Yesterdays Stranger Election Control Board meeting regarding this falls Metro-funding Prop 1. The organized opposition failed to show. (Invitation must have gotten lost in the mail.) The backers of Prop 1, from left to right: Shefali Ranganathan, Abigail Doerr, Sandeep Kaushik, and Toby Crittenden.
  • SECB
  • The Stranger Election Control Board's meeting on Proposition 1 yesterday. The organized opposition failed to show. (Invitations must have gotten lost in the mail.) Some Prop 1 backers, from left to right: Shefali Ranganathan, Abigail Doerr, Sandeep Kaushik, and Toby Crittenden.

As you may have heard, Seattle Times columnist Danny Westneat has had some concerns about "Calcutta-like" conditions on Metro buses. When people pointed out that his column was maybe a little "tone-deaf, out-of-touch, entitled, and ridiculous," Westneat responded with another column in which he acknowledged the criticisms (and that his own paper's editorial page "crusaded" against a measure to help Metro earlier this year) while, at the same time, not exactly backing down.

Pointing to news that Metro has found a way to cut fewer service hours than expected—though not mentioning that 400,000 service hours will still be cut (230,000 of them in Seattle)—Westneat throws down a question:

Why is Seattle sticking its neck out, alone, to “save Metro” with a $60 car tab fee and 0.1 percent sales tax on the November ballot, when it’s looking like King County Metro Transit is starting to dig out on its own?

“That’s the wrong question to be asking," Toby Crittenden of The Washington Bus told us yesterday during our Prop 1 discussion. "We’re not sticking our neck out alone. It’s called leading.”

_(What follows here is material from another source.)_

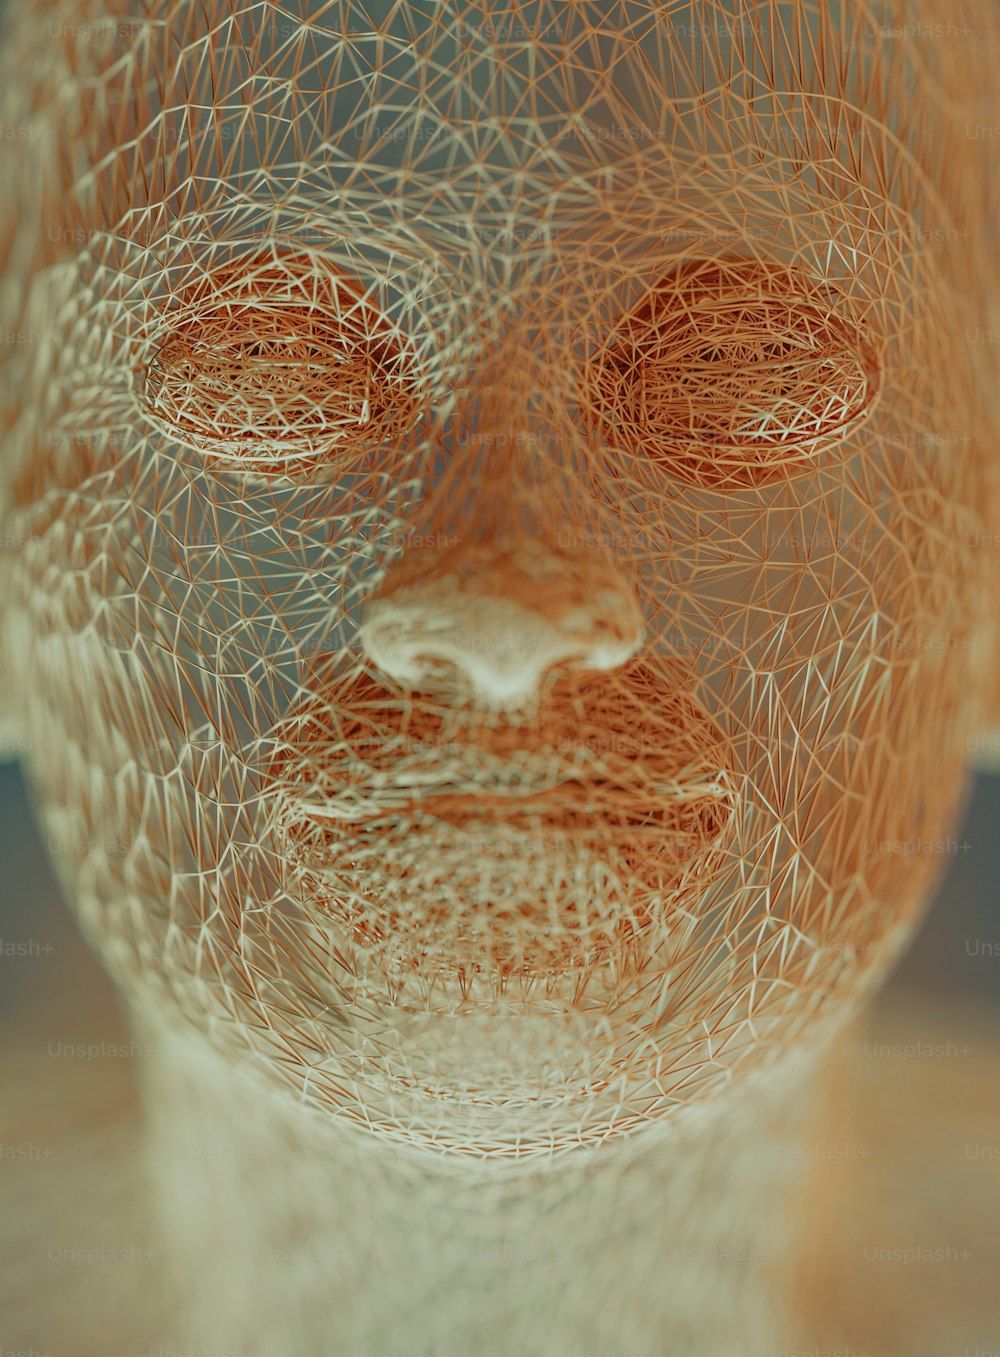 a wire sculpture of a man's face with eyes closed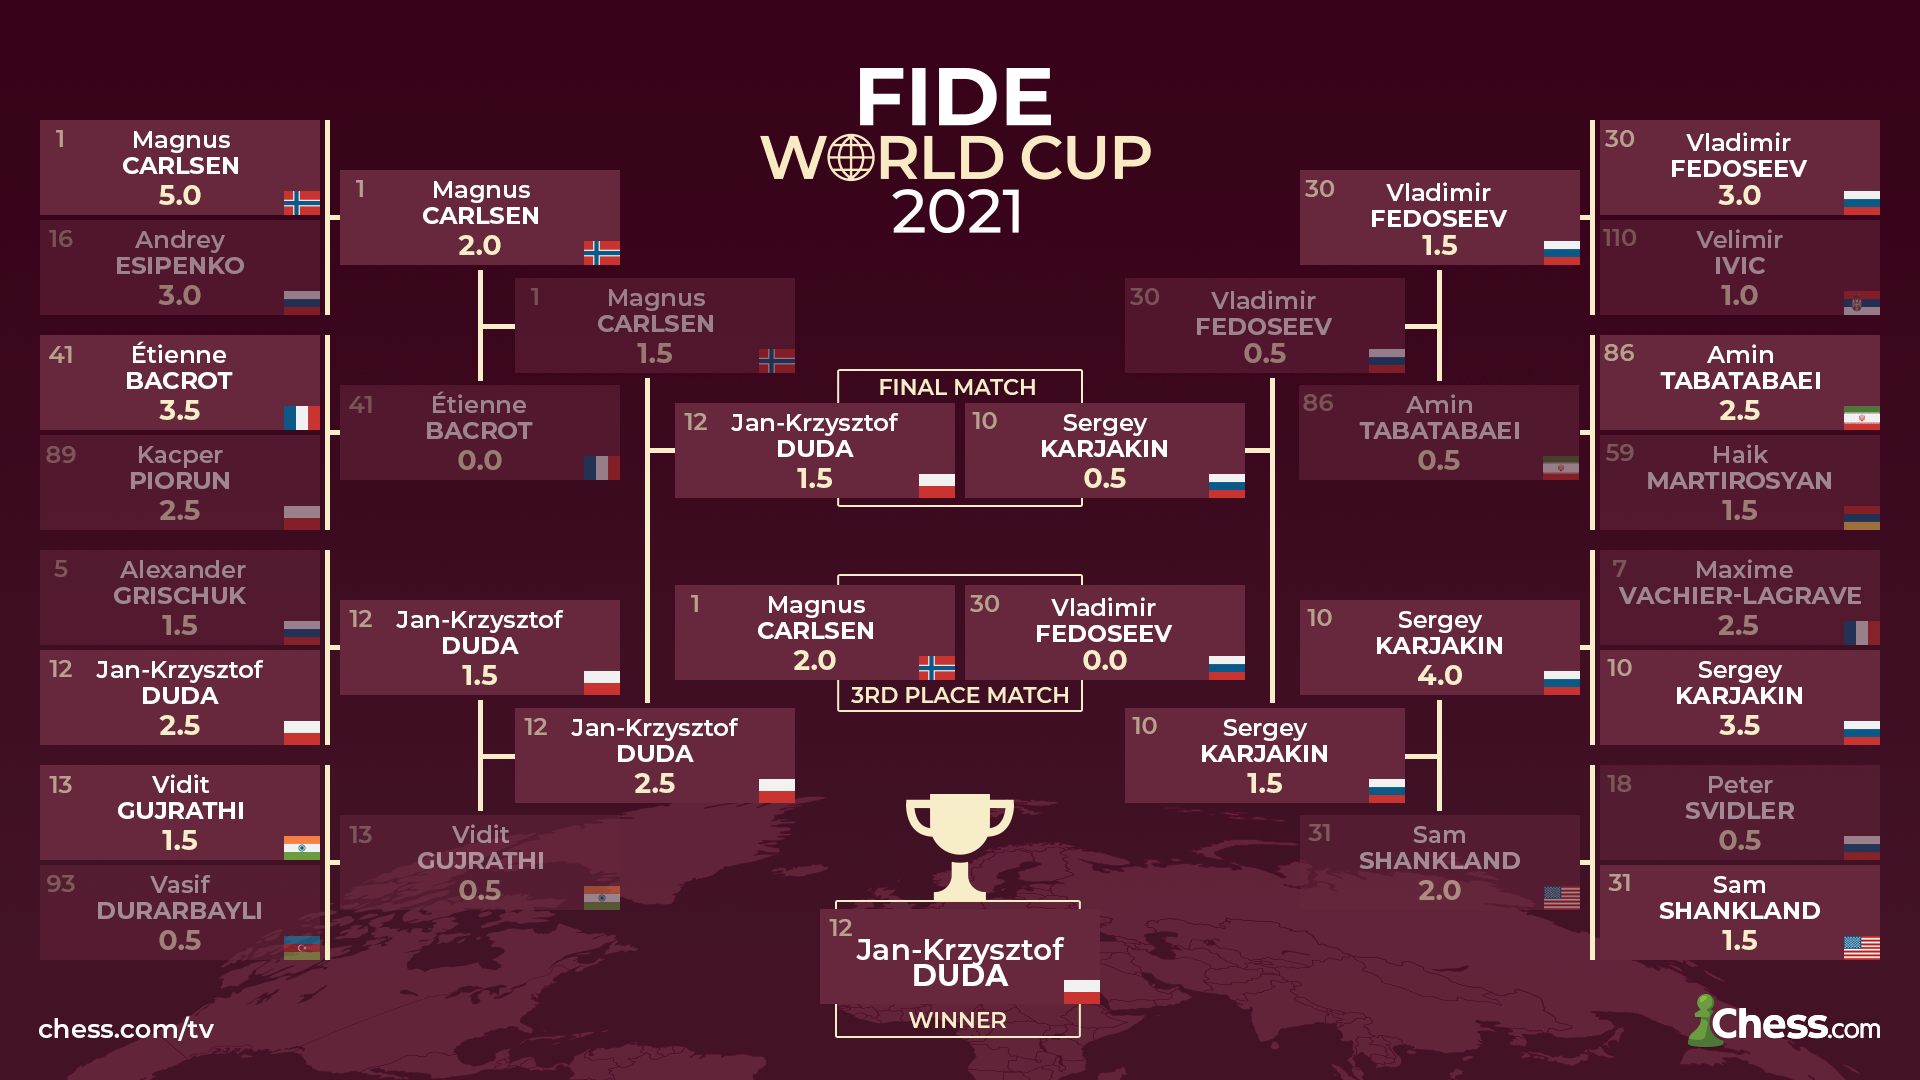 FIDE World Cup 2021 Final Results

Others at the meeting noted that Seattle now has to lead because the state, in its quest to approve the kind of lean budgets demanded by the Seattle Times editorial page, has failed to provide us with enough money to have a public bus service that doesn't cause Westneat to fume. “Ironically," said Shefali Ranganathan of the Transportation Choices Coalition, "if Prop 1 passes, Danny Westneat’s bus ride will become significantly better."